Yang dibincangkan adalah perihal dua eksemplar buku yang saya pesan. Satu ’Rumah Berwarna Kunyit’ dan satu lagi ’Menulis Asyik.’ Yang pertama topik bahasannya seputar polemik kesenian, kesenimanan, dan lembaga seni (di) Lampung. Sedang yang kedua berupa kumpulan tulisan kolom di surat kabar, blog atau makalah yang disampaikan Udo Z. Karzi dalam berbagai acara atau kesempatan. Tak hanya itu, bualan pun menyasar gosip lain dan menyebut beberapa nama yang tulisannya terhimpun di buku pertama.
dari SMA mengakrabi Kompas dari black white hingga full color. ini foto HUT 50 Kompas (edisi emas) terbit 100 halaman
Dua buku tebu, mungkin tak akan memuaskan dahaga sesiapa yang mengunyah lalu melepahnya. Tapi bila ikut terpilin gilingan pabrik menjadi butiran gula pasir, pastilah cukup buat memaniskan segelas kopi.
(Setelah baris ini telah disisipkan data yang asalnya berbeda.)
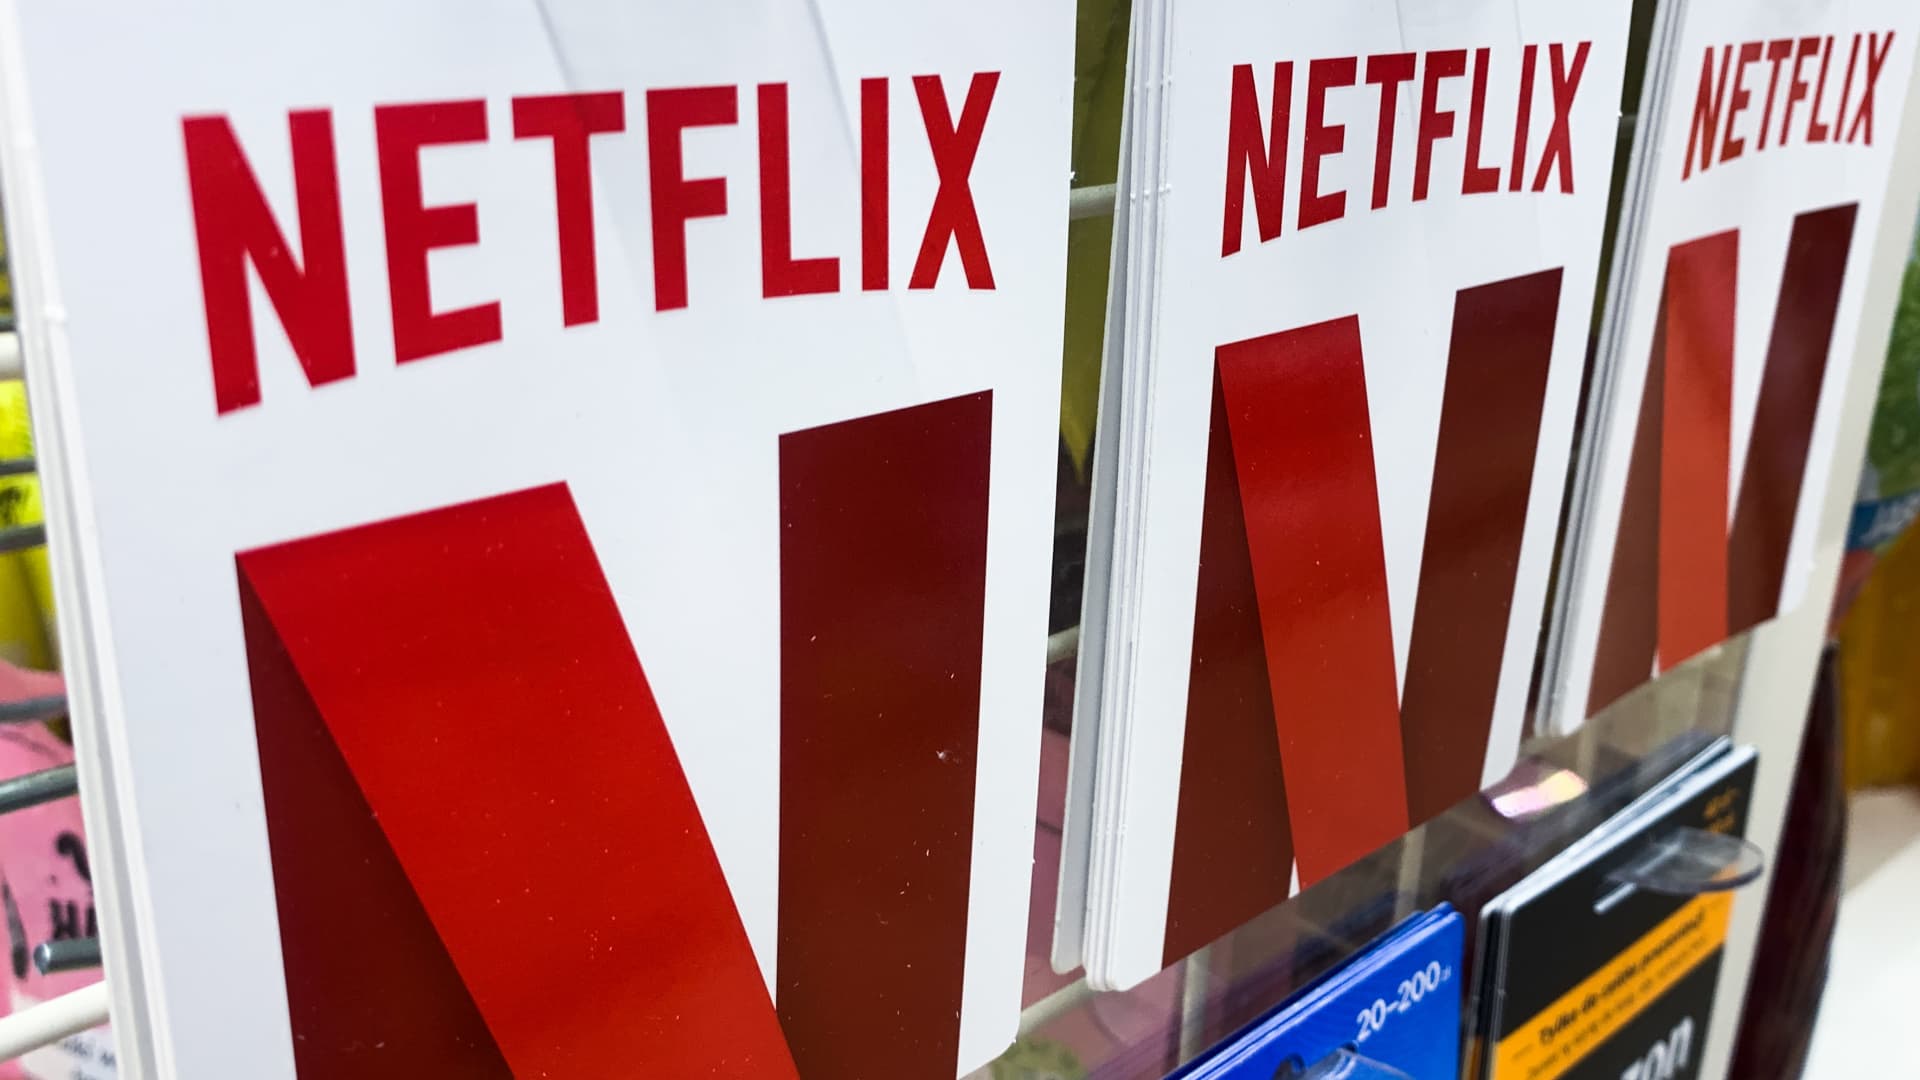 Netflix says it’s opening a video game studio in Finland

Dan segelas kopi itu bila dicecap ramai-ramai ala anak kost, bisa menyulap suasana kebersamaan terasa lebih kental walaupun ada yang lagi lesu karena catatan bon di warung terus menganak sungai menguntit nilai tukar rupiah terhadap dollar yang terus berubah.
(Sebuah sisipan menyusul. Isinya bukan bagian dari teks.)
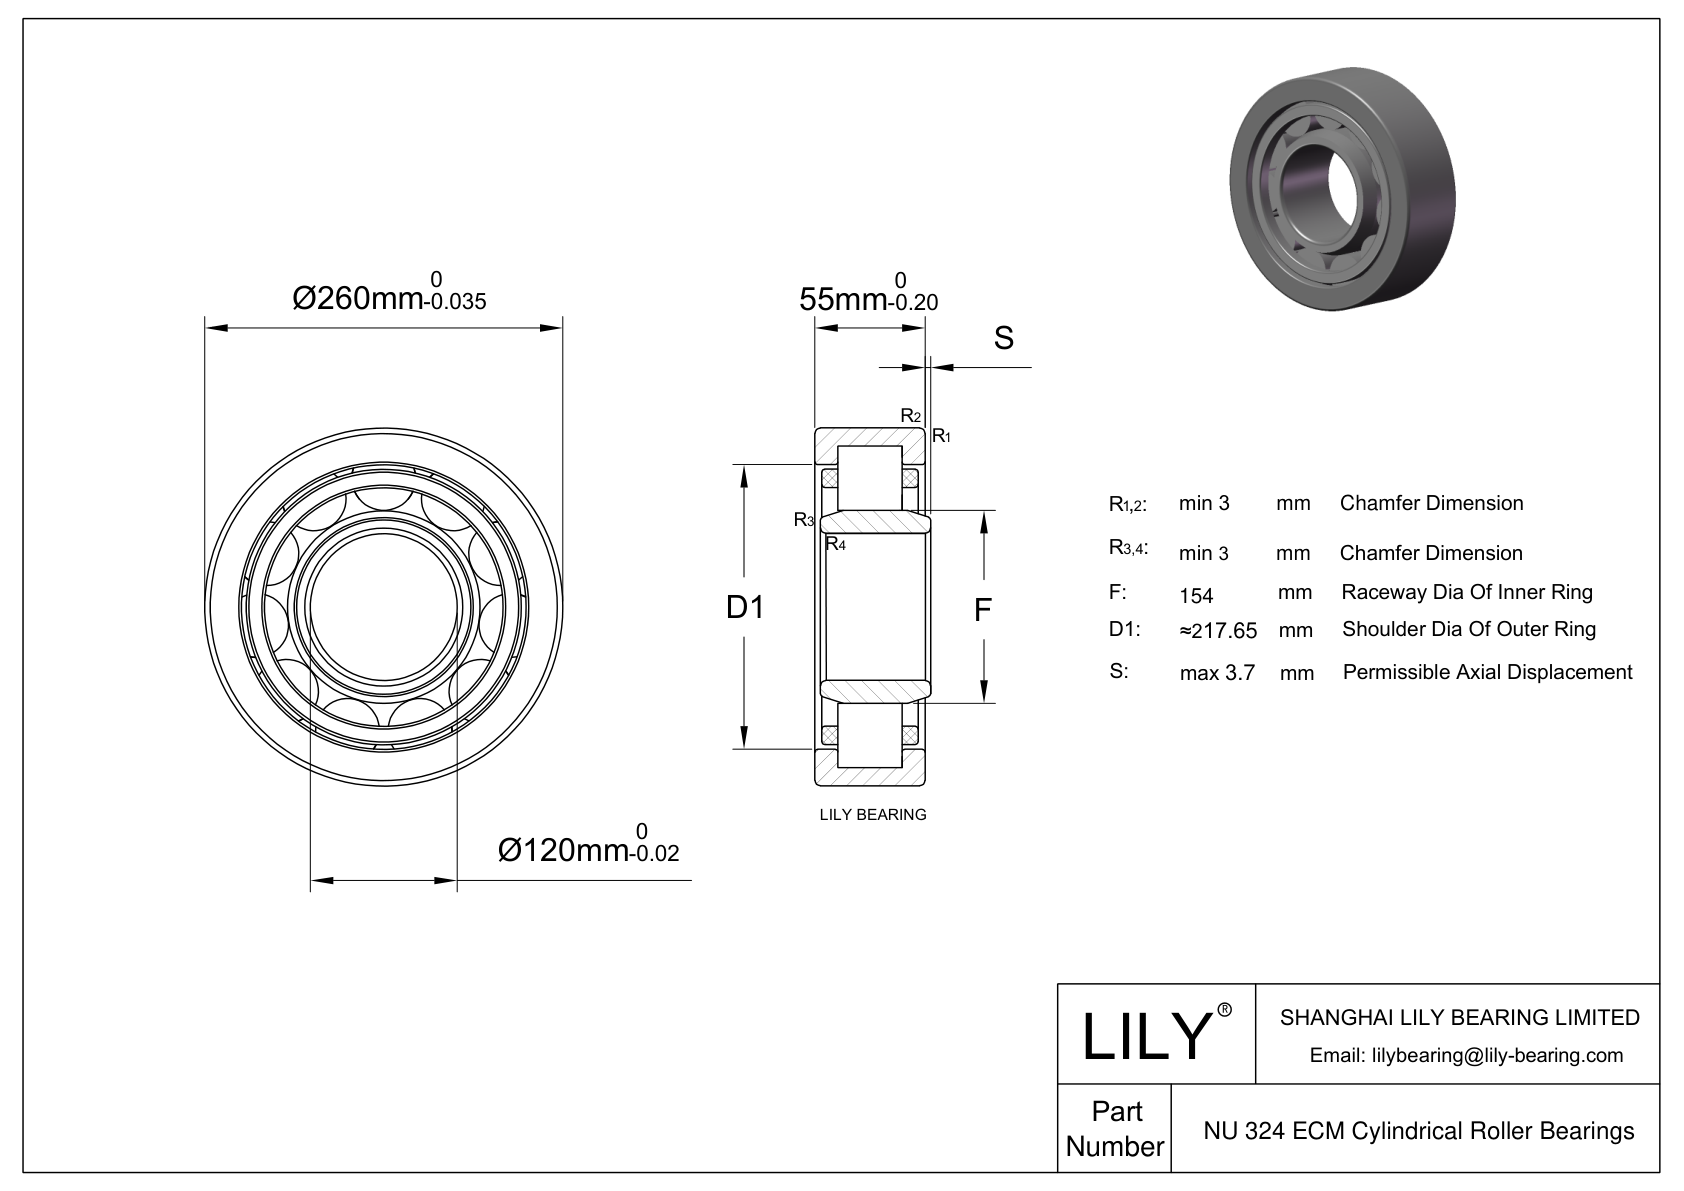 NU 324 ECM/C3VL0241 Ceramic Coated Cylindrical Roller Bearings cad drawing

Dua buku tebu, bila habis dikunyah sepah dibuang, mungkin ada yang merasa lega karena dahaga hilang terobati, atau mungkin justru semakin bertambah haus. Demikian juga ihwal dua eksemplar buku. Begitu habis dilahap, antara dua rasa yang dikecap, puas atau tidak. Lalu menyimpulkan penilaian bagus atau tidak. Kalau puas ya sudah berhenti, tapi kalau tidak justru membuat dahaga kian menyiksa minta dituntaskan. Ini juga tergantung, apakah hobi baca atau tidak.  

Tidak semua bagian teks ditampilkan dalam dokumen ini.